#### Problem to work on
Pictures should be left out when the listing below is repeated word for word.
───── Information shown ─────
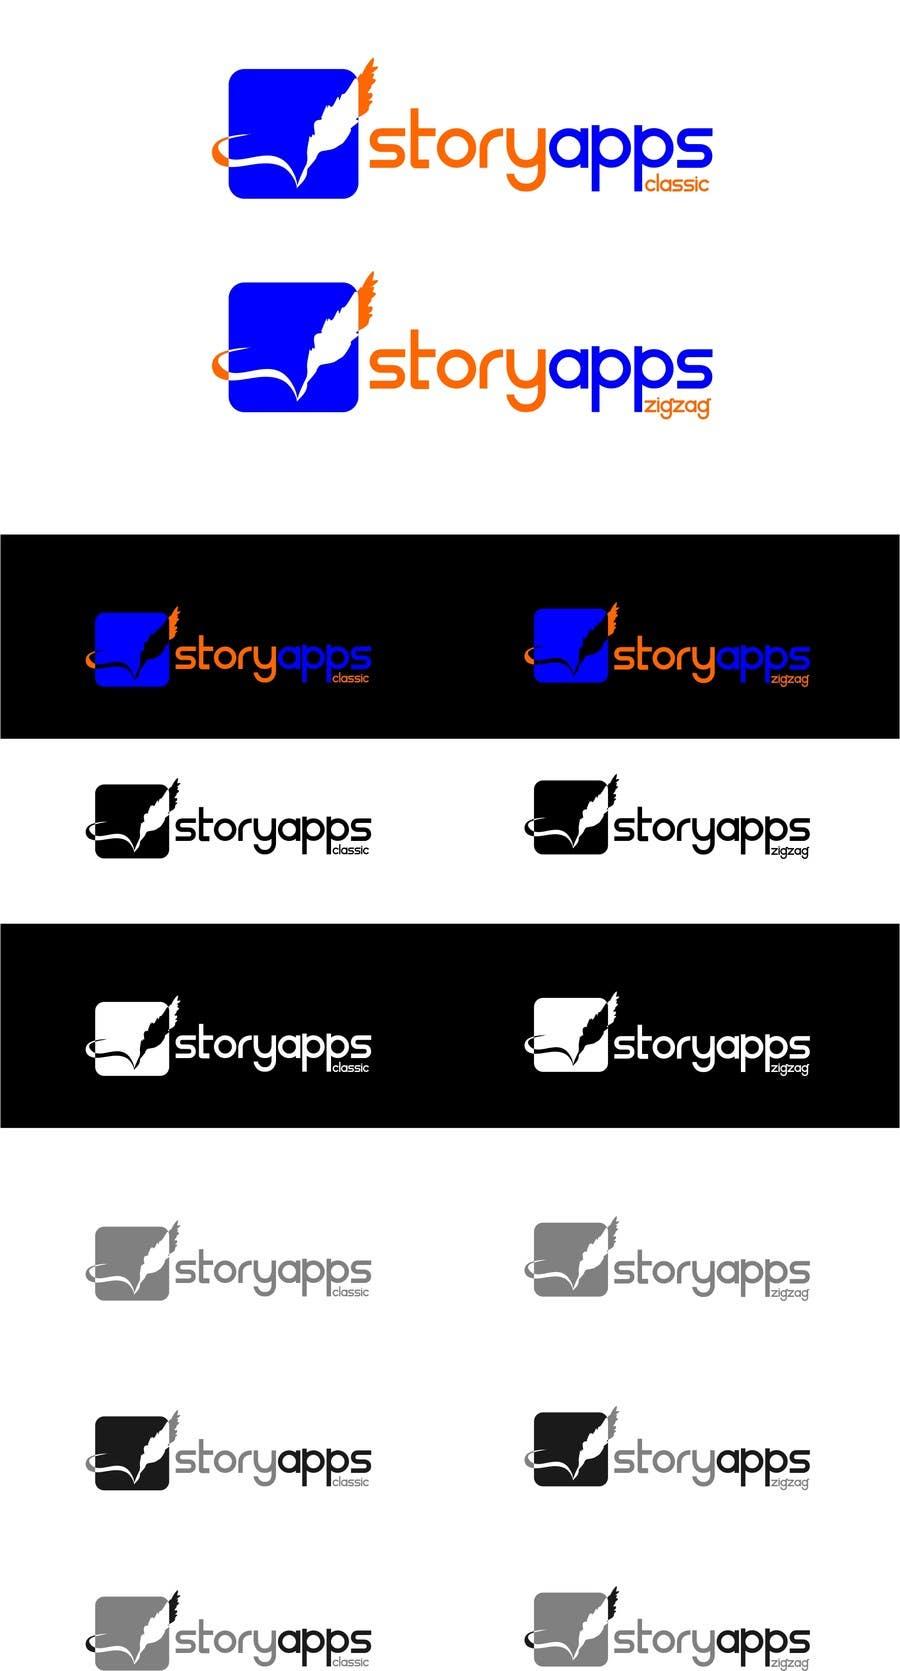 Penyertaan Peraduan #65 untuk Design a Logo for storyapps - plus two variations of logo
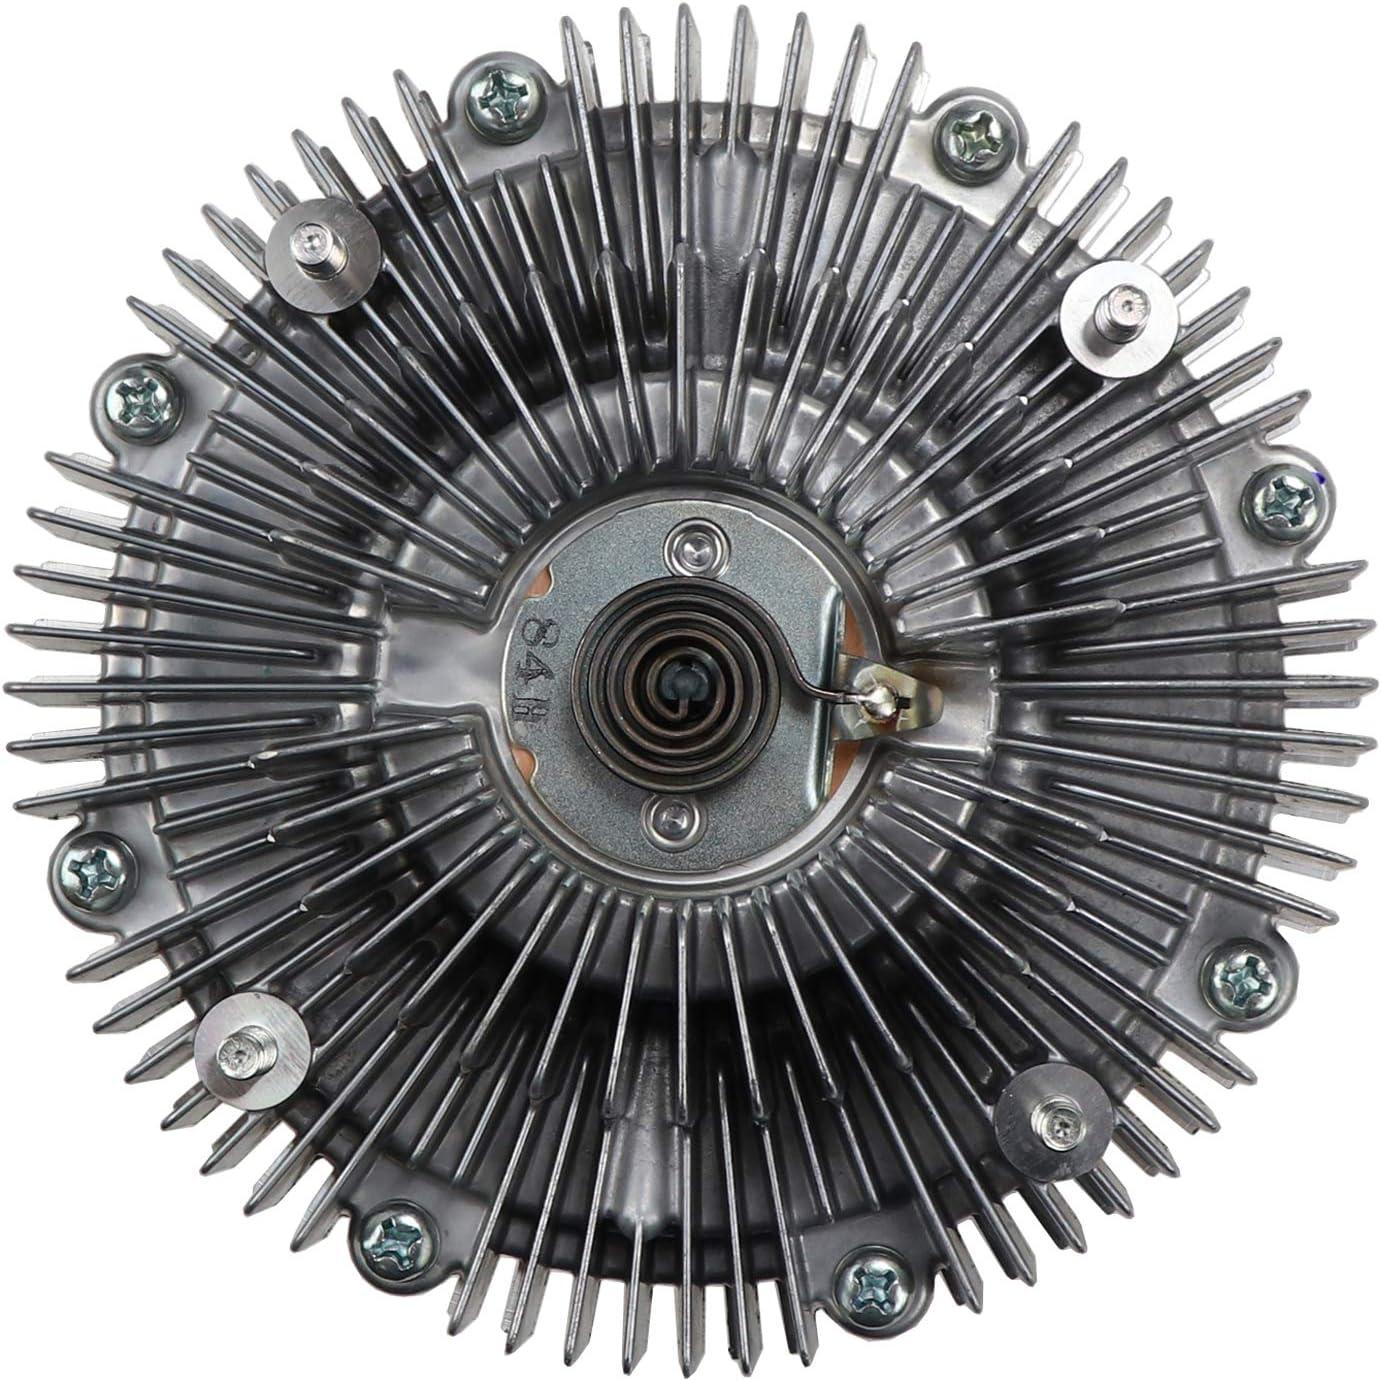 BECKX 1300228 Cooling BECKARNLEY
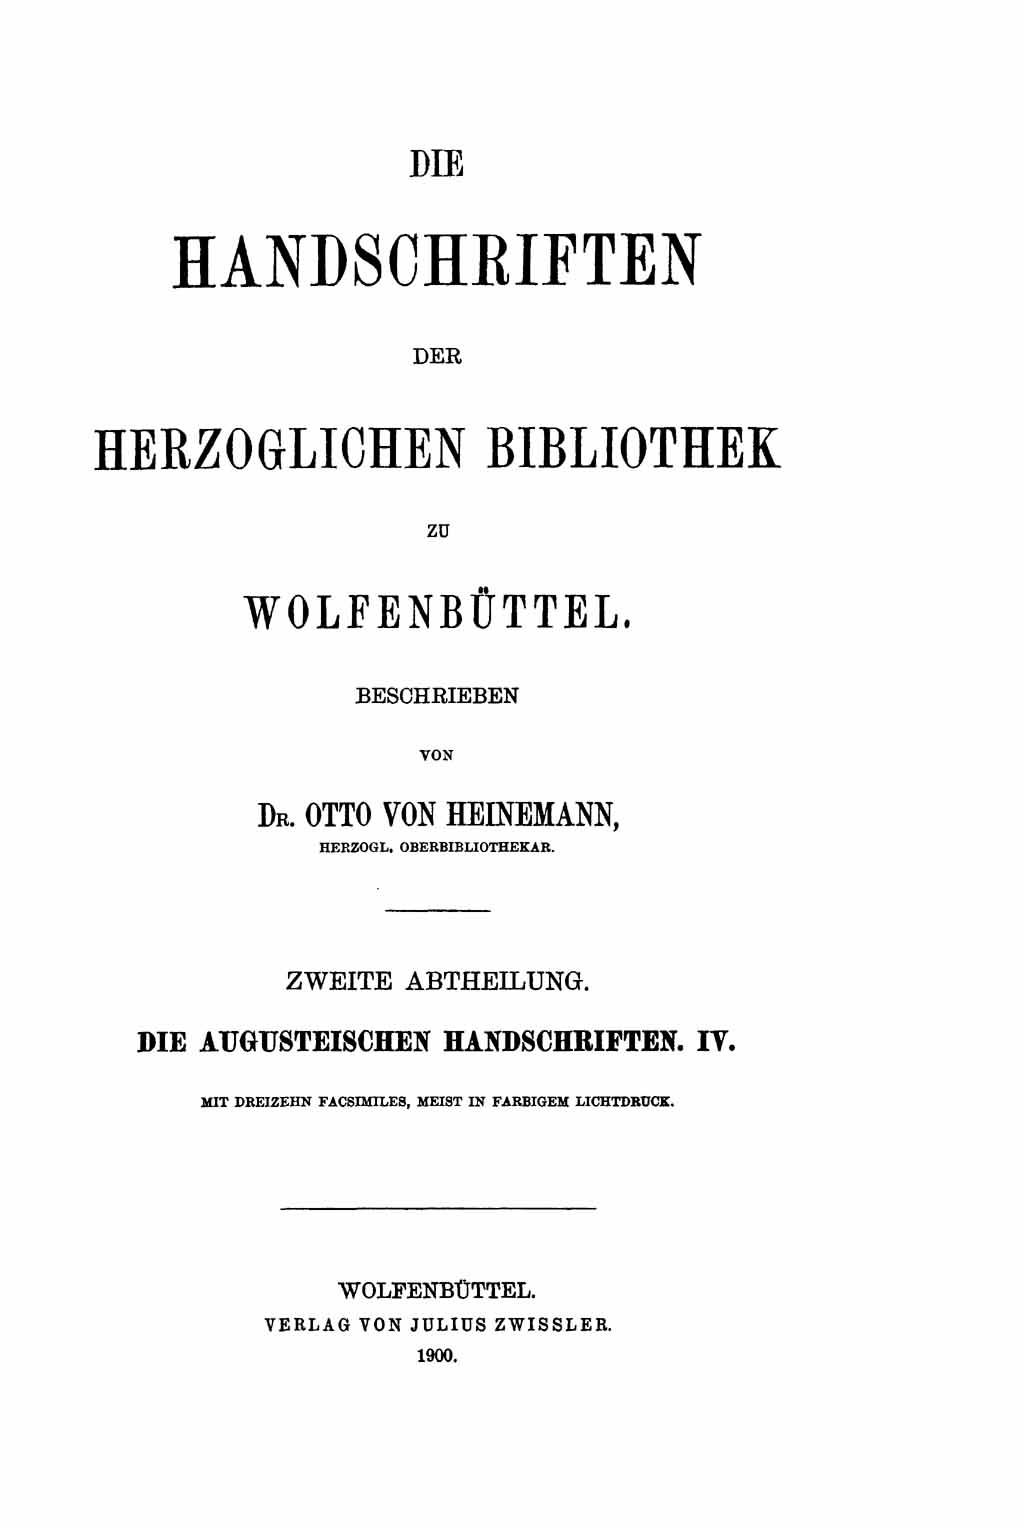 https://diglib.hab.de/drucke/f4f-539-7/00007.jpg
─────
#### Output below
 Penyertaan Peraduan #65 untuk Design a Logo for storyapps - plus two variations of logo
 BECKX 1300228 Cooling BECKARNLEY
 https://diglib.hab.de/drucke/f4f-539-7/00007.jpg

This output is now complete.